Однако даже это имя указывает на преклонный возраст. Карры-ага — значит, старый, дед. Ага, вот он кто: глашатай празднеств, музыкант, играющий в день свадеб на паре дилли-туйдуков. Рассказчик, острослов.
Карры-ага идет неторопливо, заглядывая в дверь каждой лавки, с таким серьезным видом, как будто ему уездный пристав доверил обследовать всю тедженскую торговлю. За ним торжественно ступает серая косматая кобыла и, словно передразнивая хозяина, сует морду в двери лавок и внимательно разглядывает товары,
Вот Карры-ага остановился у ларька, где торгует перс с выкрашенными хной ногтями и бородой, в розово-зеленом халате.
— Вай, как не удивляться на купцов! — Карры-ага хлопает себя по ляжкам. — Мы только прослышали, что строят склады, магазины в Теджене, и задымила из Кра-сноводска шайтан-арба, а сюда уже наехал народ за тридевять земель! И все торгуют! Смотрите, все торгуют! Вот это чутье! Нюх, как у собак! Правоверные едут в Мекку, купцы — в Теджен! Для любителей наживы всегда найдутся вещи поважнее аллаха! Если купцу скажут, что молиться куче навоза или кусту саксаула выгоднее, чем почитать аллаха, — купец до земли поклонится и за грех не сочтет!
Толпа хохочет. И трое будущих толмачей уже забыли про всё на свете, заглядывают из-под рук взрослых. Желая уклониться от насмешек базарного шута и балагура, перс льстиво говорит:
— Дорогой Карры-ага, проходи! Садись за прилавок! Лавка твоя!
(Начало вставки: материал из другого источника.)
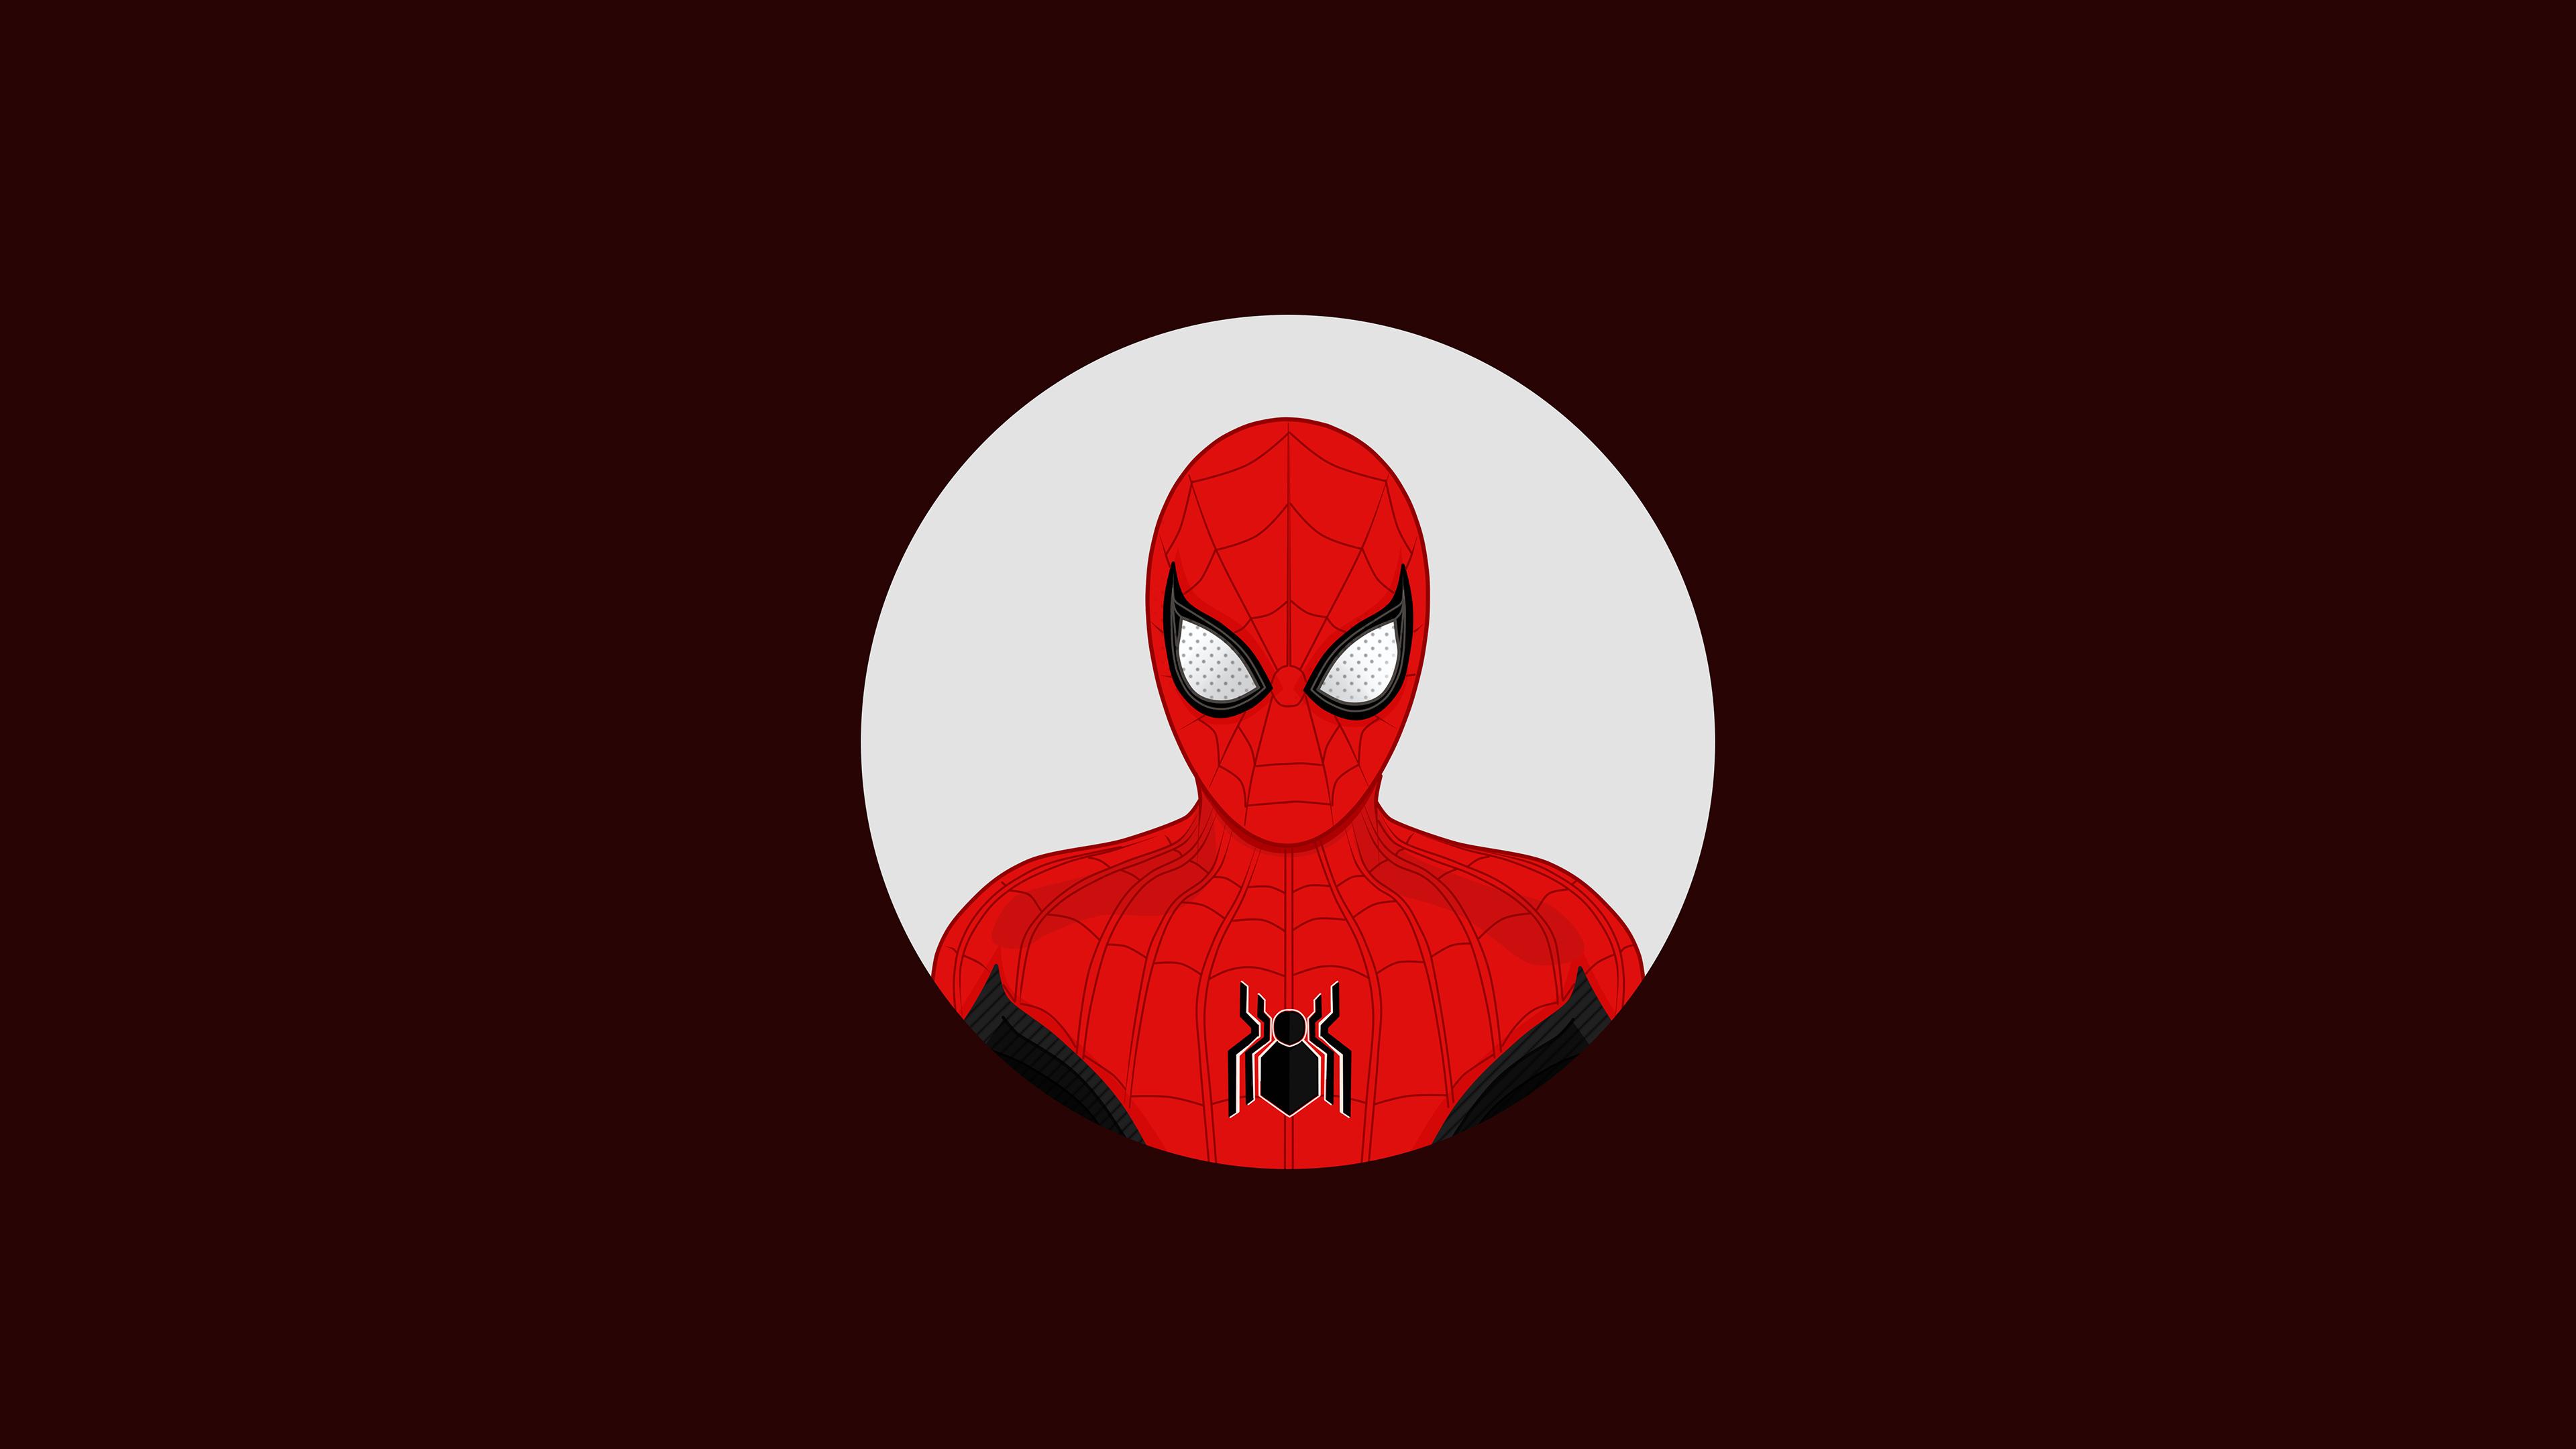 spiderman far from home minimal 1563219640 - Spiderman Far From Home Minimal - superheroes wallpapers, spiderman wallpapers, hd-wallpapers, behance wallpapers, artwork wallpapers, 4k-wallpapers

— Я может и посидел бы у тебя, хозяин, только кобыла моя не войдет в твою конуру. Ей нужен дворец — лучшее стойло!
Вволю поиздевавшись над купцом, Карры-ага продолжает свой путь в базарной сутолоке. Но вот еще один случай повеселить людей: важно шествует в ковровых, в шелковых рядах кривоногий лезгин, он в черкеске и в пенсне со шнурком, на голове высокая каракулевая папаха. За ним по пятам, точно приклеенные, следуют почтенные бородатые старшины.
Приложив ладонь ко лбу, Карры-ага долго провожает взглядом это торжественное шествие.
— Кто этот кривоногий, которому улица узка?
— Не думал, Карры-ага, что есть в Теджене люди, которых вы не знаете! — с готовностью откликается из-за прилавка перс, — Вы слышали об Искандер-беке?
— Слышал об Искандере Великом — Александре Македонском.
— А этот и того выше! Самый главный из толмачей нашей уездной канцелярии — господин старший писарь Искандер-бек.
Кривоногий бек идет в толпе напролом, высоко задрав голову, выпятив грудь, Его грозный вид даже испугал вчерашнего подпаска — он затаился между скороходом и лошадью и с трепетом наблюдает: что будет дальше?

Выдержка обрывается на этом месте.